## THE DATA

- - - -

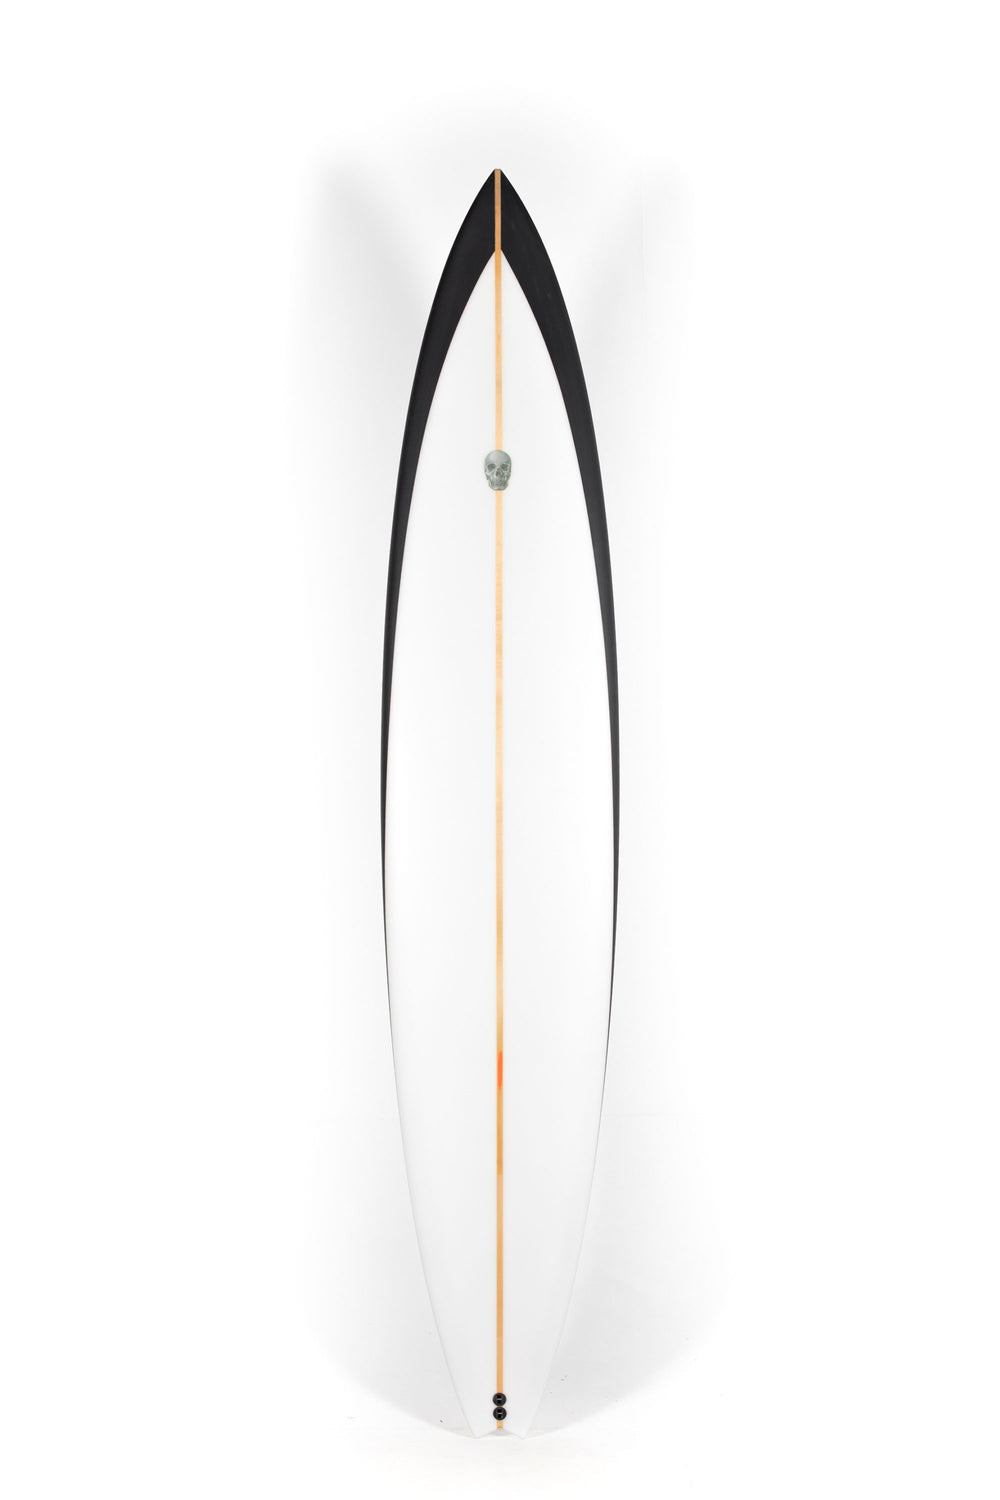 Pukas Surf Shop - Christenson Surfboards - SICARIO - 8'6
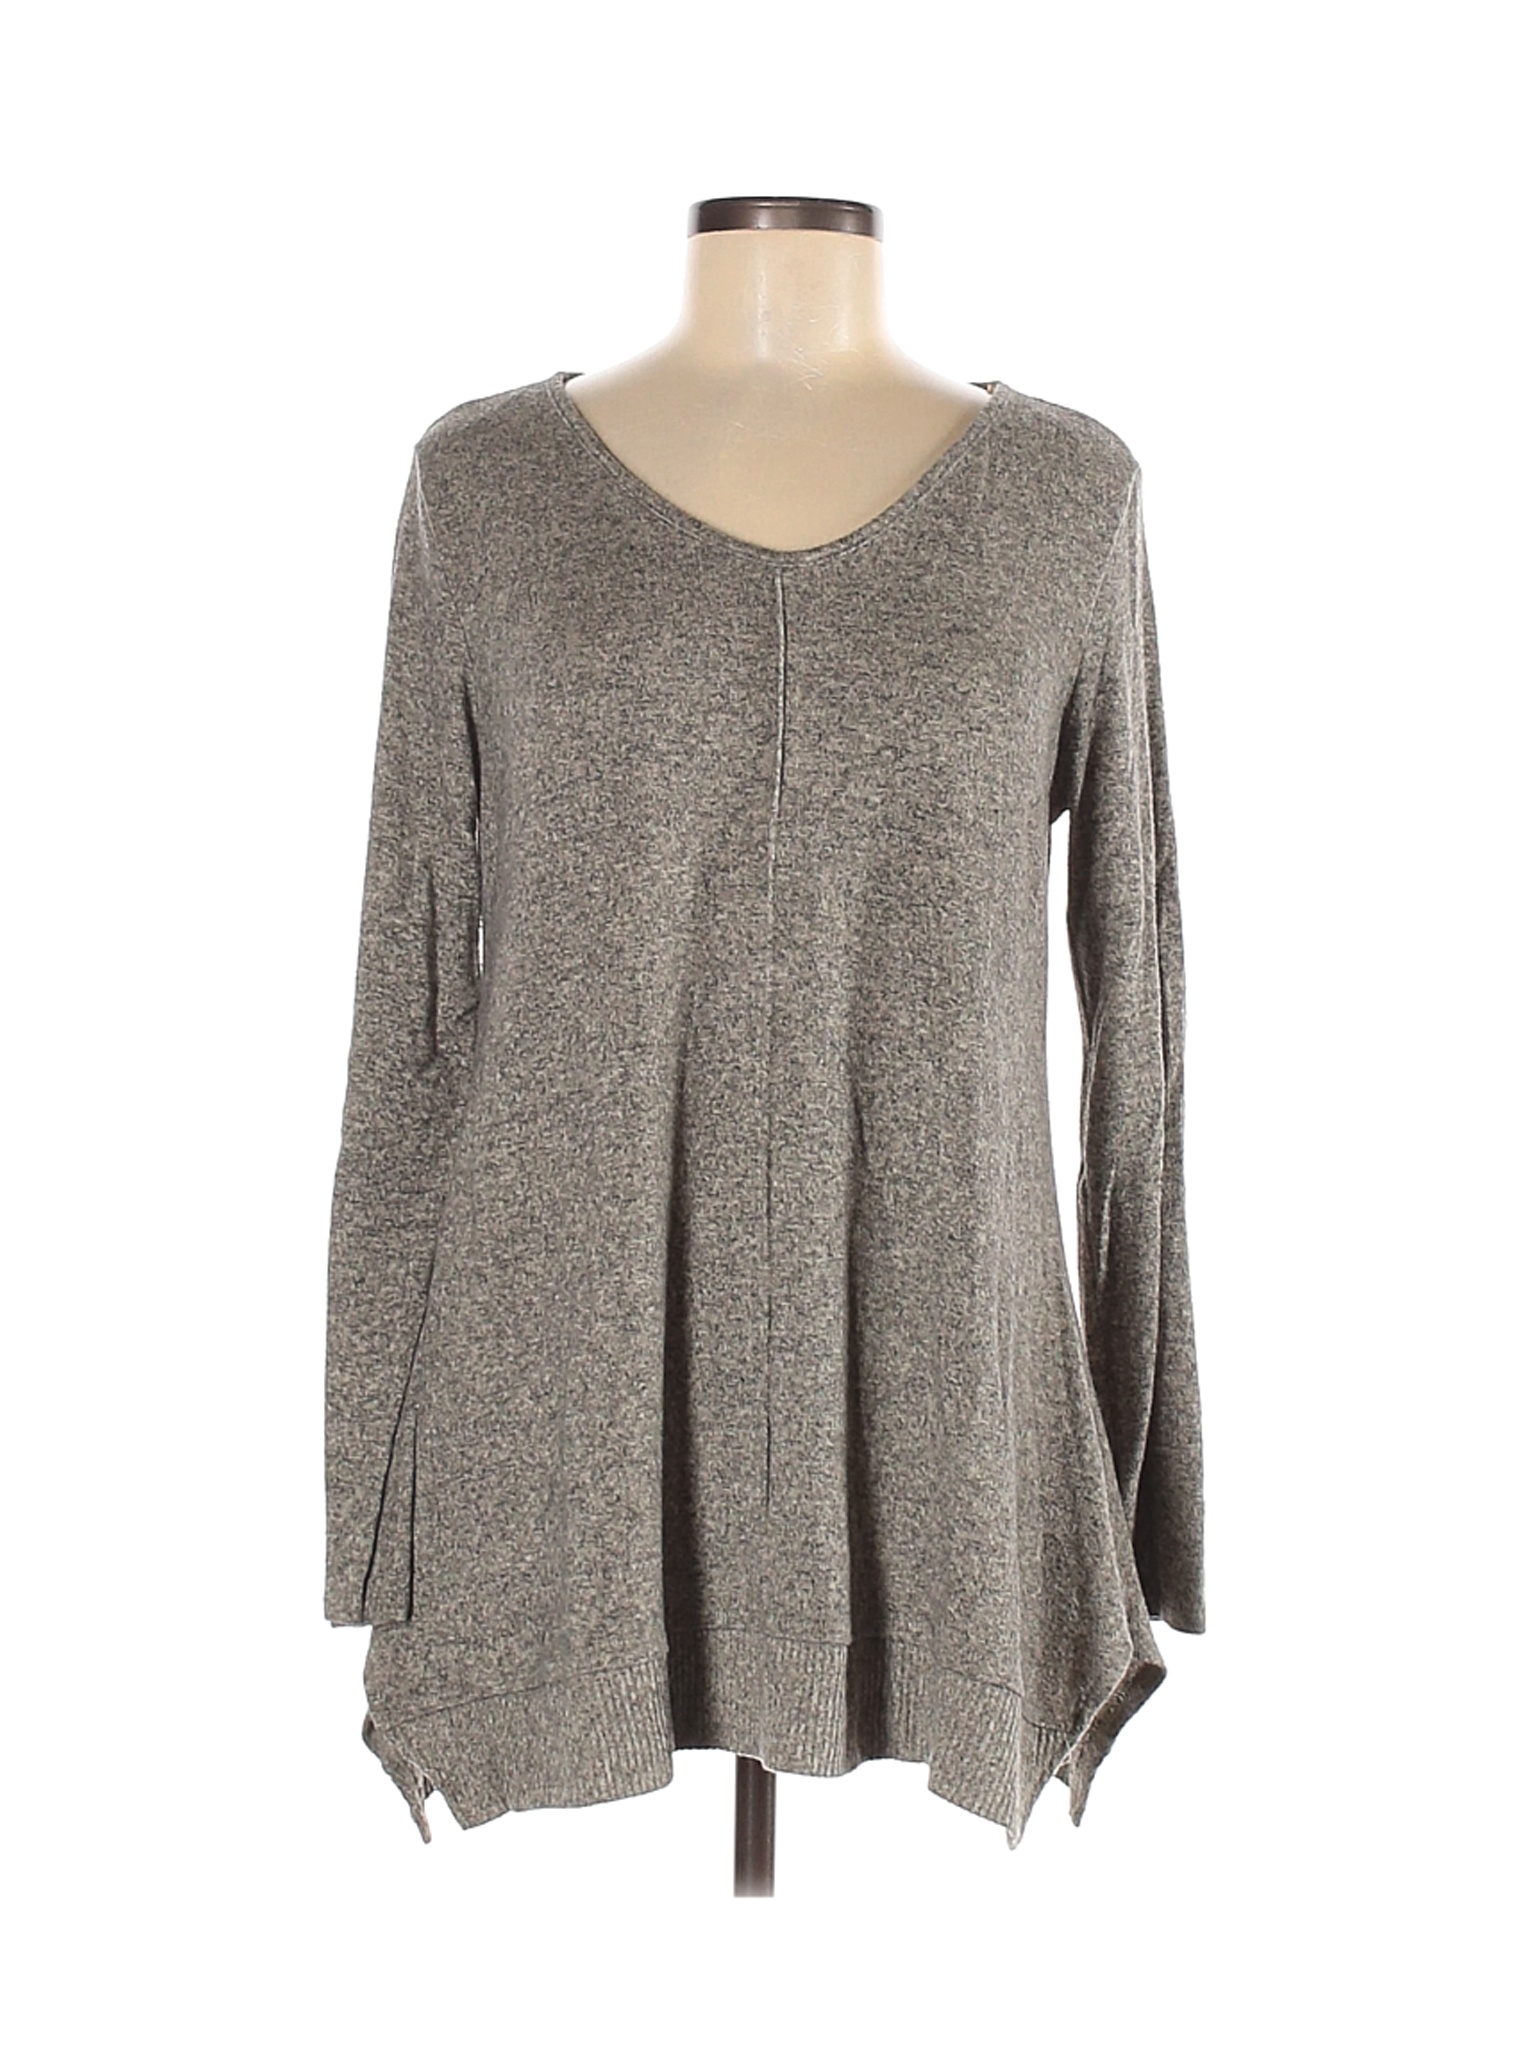 Soft Surroundings Women Gray Pullover Sweater M | eBay
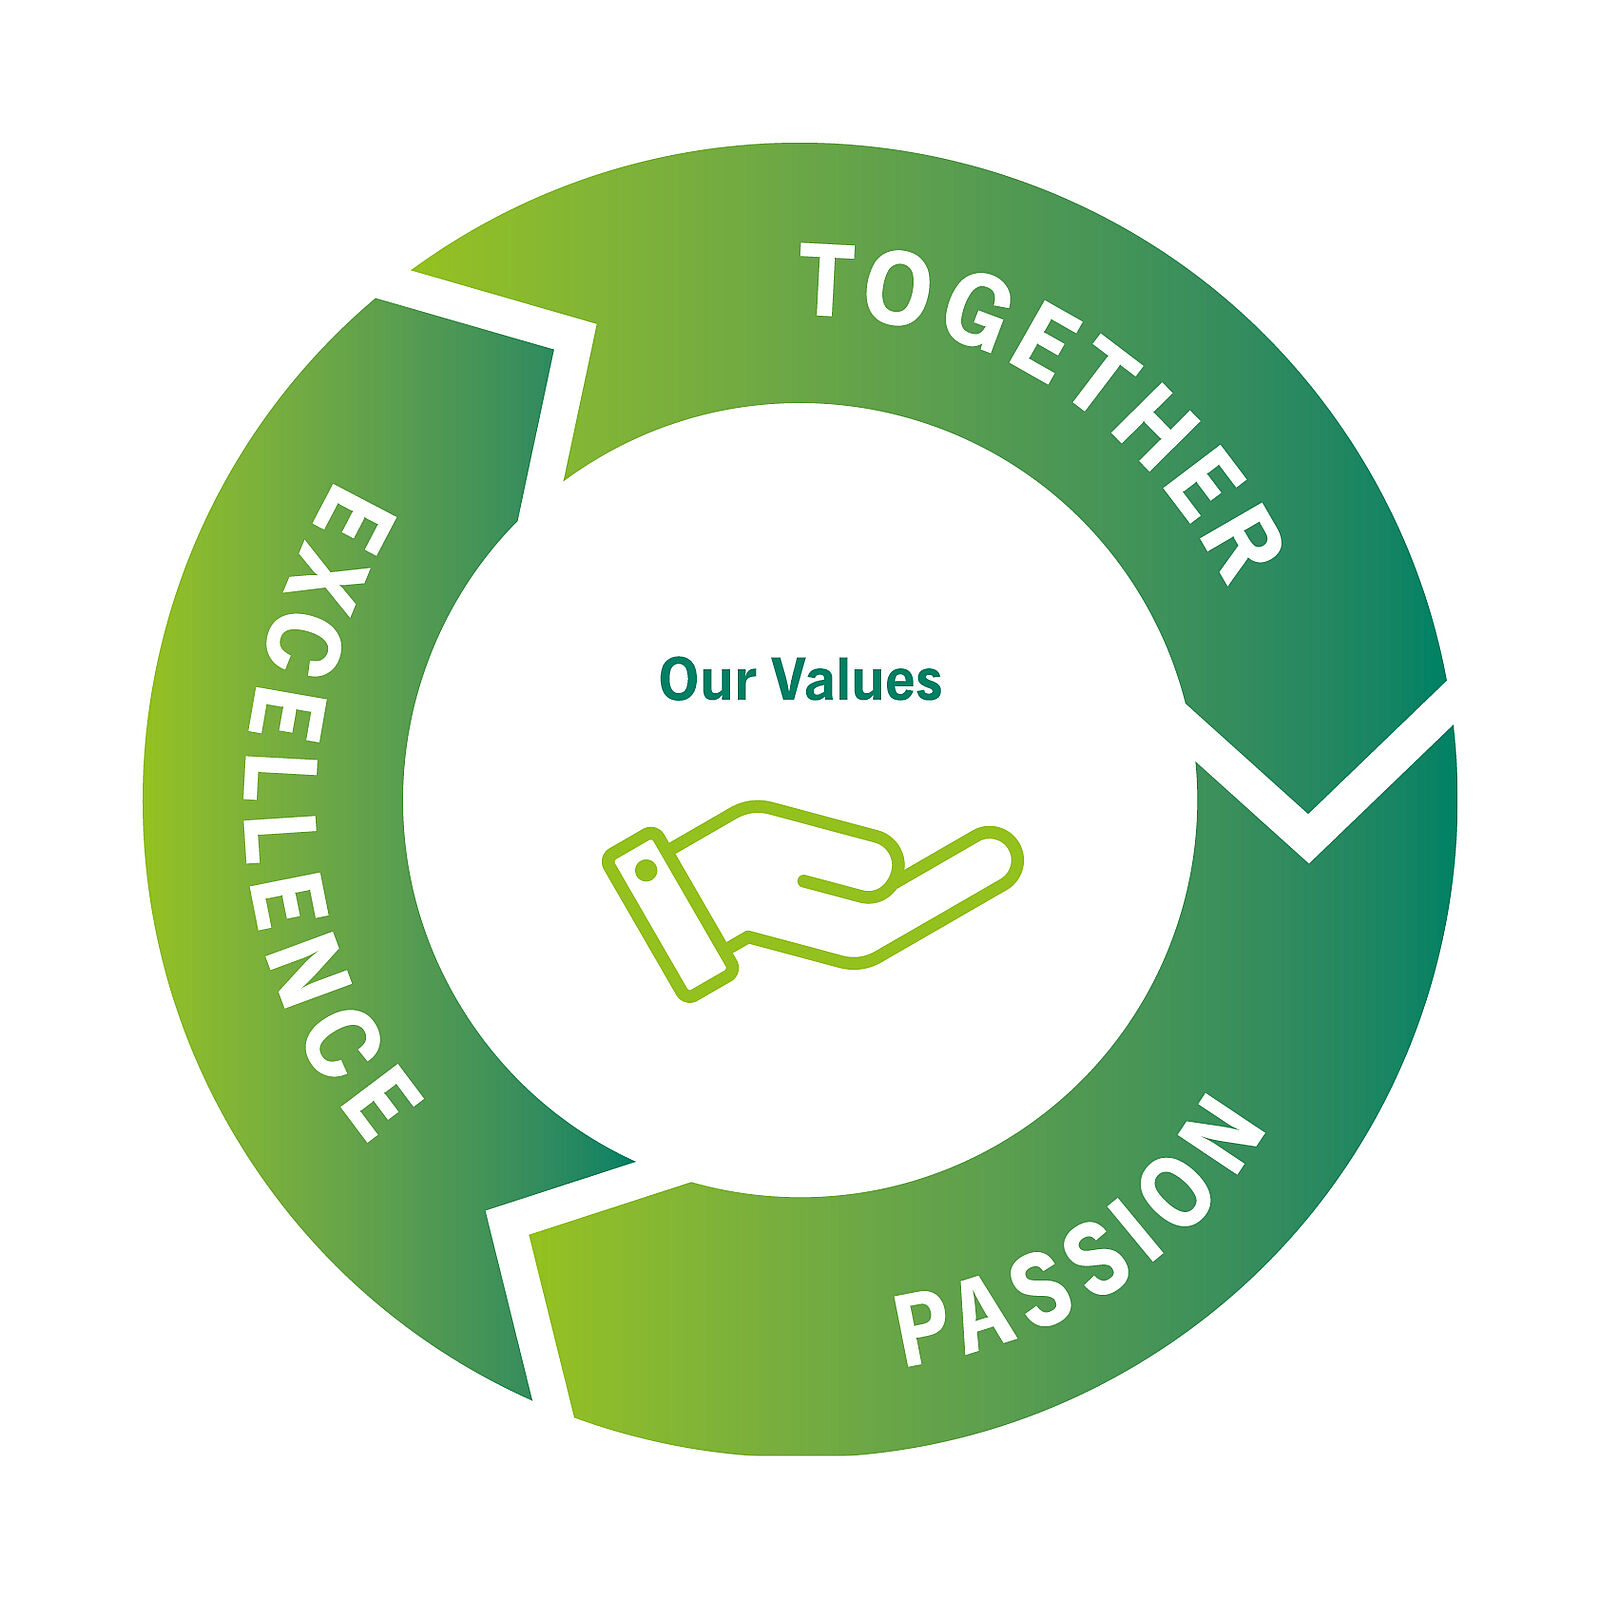 Biohealth mission statement: values

- - - -

## ASSIGNMENT
The reply must consist of the complete listing, reproduced exactly, with no images.

## PROBLEM SOLUTION
 Pukas Surf Shop - Christenson Surfboards - SICARIO - 8'6
 Soft Surroundings Women Gray Pullover Sweater M | eBay
 Biohealth mission statement: values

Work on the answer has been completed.